Oh neat, I didn't know that could happen! And henceforth he will be known as Markus.


----------



## WoodWitch (Oct 18, 2009)

Just to add strength to SarahC's comments, in show terms, a judge's report might read "in two coats" to describe the effect (although such a drastic case would hopefully not be shown  )


----------



## SilverWings (Jan 27, 2016)

I think it's so cool. I've seen moult marks on some of my does before but they've a;ways been blocks of colour, and they've always gone back to their original colour in a week or so.


----------



## ThePetekeyPrep (Jun 1, 2016)

Is it possible that this little mousey is a brindle? It's not unheard of - and in fact, is common - for brindles to only develop their markings after the fur has already grown in.


----------



## SilverWings (Jan 27, 2016)

Doubt it.
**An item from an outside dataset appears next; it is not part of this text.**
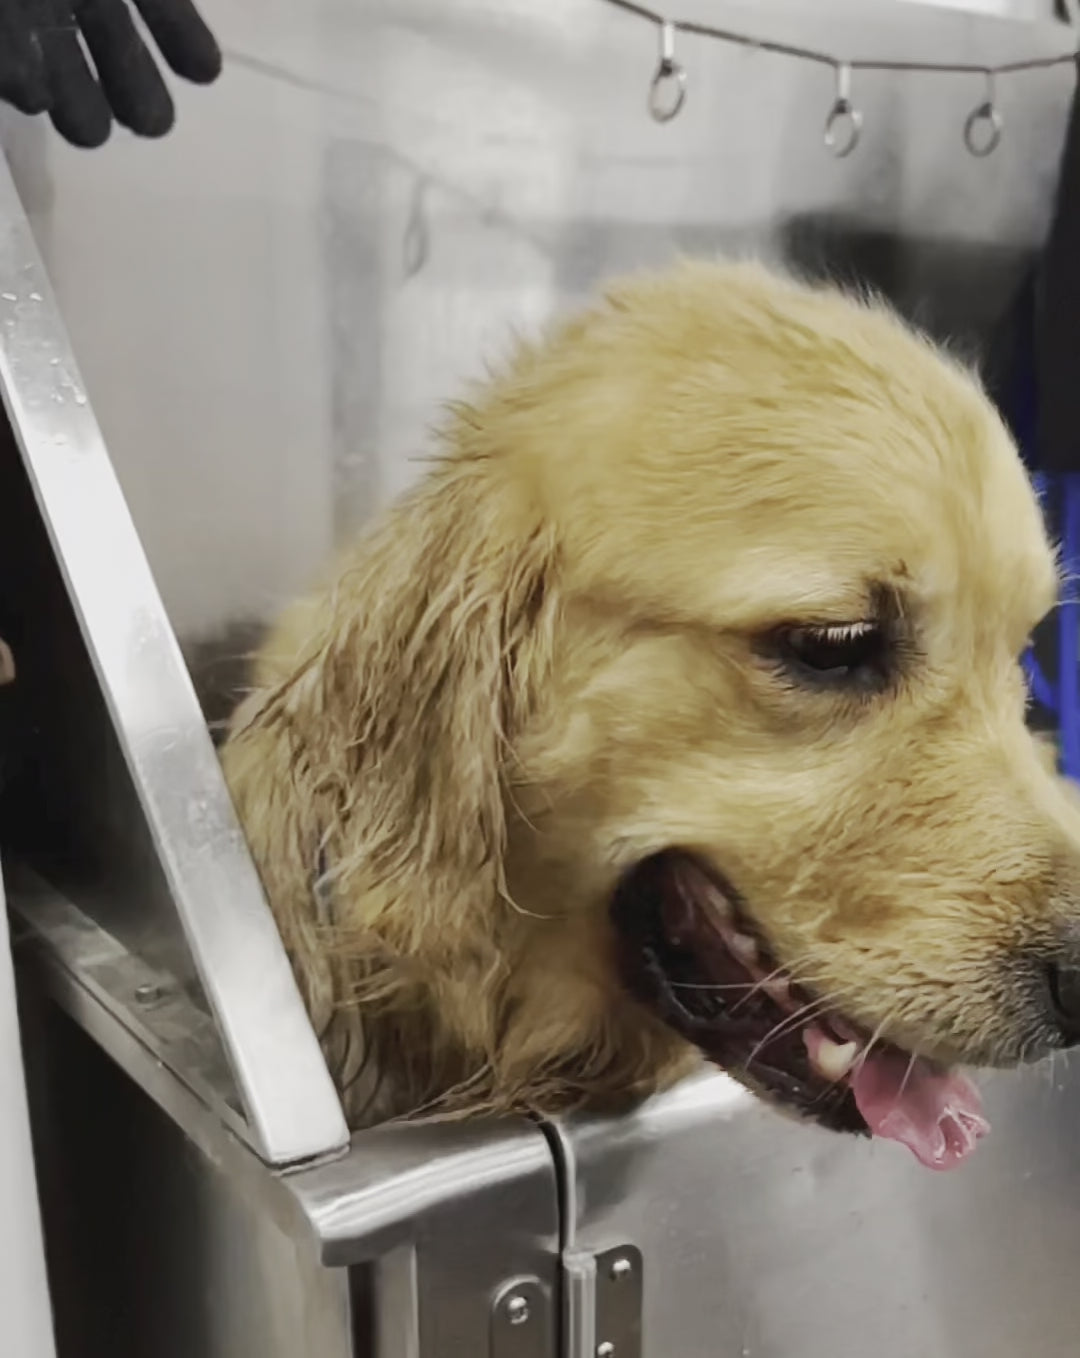 Load video: Daily Routine Pet Grooming Salon

There have been no others in my lines yet, and I'm probably down in to my 8th-10th generations. The foundation stock was typical pet shop mice, broken blacks, doves and a tan/agouti (?) doe. I do get the odd random colour pop up every now and then, have a broken chocolate doe at the moment. I spoke to a person who has a colony of does all from me, and she said she's had a couple of mine change colour. One appeared brindle for a bit then went solid again, one went from a light tan to a very dark agouti!


----------